§ **WHAT TO WORK ON**
Retype, word for word, every line from the one holding "Shampoo av høy" through the one holding "Una fotografía muestra" in the entries below, both included, and only those lines.

==== MATERIAL FOR THIS EXERCISE

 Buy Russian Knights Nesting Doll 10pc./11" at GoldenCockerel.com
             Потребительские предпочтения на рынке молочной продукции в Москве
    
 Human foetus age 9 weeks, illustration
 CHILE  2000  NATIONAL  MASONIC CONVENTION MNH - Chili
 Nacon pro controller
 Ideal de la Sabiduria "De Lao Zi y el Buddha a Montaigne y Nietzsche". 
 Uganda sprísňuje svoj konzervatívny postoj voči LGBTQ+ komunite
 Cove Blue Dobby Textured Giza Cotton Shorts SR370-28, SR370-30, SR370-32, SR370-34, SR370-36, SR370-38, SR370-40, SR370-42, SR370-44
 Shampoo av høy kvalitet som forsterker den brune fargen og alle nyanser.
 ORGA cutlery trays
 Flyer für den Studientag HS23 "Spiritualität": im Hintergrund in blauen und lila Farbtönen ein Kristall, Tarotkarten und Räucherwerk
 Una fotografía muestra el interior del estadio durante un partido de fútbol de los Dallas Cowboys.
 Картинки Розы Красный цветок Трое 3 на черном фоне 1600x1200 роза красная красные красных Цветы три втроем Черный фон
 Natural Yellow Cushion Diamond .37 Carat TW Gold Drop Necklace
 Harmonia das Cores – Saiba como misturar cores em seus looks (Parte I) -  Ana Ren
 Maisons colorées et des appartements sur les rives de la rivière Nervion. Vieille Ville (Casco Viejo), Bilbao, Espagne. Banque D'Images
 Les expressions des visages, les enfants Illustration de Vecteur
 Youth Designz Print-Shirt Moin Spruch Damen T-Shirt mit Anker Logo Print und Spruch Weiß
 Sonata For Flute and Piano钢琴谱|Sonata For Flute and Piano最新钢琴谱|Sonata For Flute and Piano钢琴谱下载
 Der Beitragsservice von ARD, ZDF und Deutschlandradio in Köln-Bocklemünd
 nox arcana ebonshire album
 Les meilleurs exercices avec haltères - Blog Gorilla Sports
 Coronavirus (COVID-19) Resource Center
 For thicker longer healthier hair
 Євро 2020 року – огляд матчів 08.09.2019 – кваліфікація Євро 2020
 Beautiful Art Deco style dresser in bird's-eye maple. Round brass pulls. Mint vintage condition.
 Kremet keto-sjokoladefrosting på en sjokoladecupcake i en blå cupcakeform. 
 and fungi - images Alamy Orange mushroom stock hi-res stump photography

========

§ **RESPONSE**
 Shampoo av høy kvalitet som forsterker den brune fargen og alle nyanser.
 ORGA cutlery trays
 Flyer für den Studientag HS23 "Spiritualität": im Hintergrund in blauen und lila Farbtönen ein Kristall, Tarotkarten und Räucherwerk
 Una fotografía muestra el interior del estadio durante un partido de fútbol de los Dallas Cowboys.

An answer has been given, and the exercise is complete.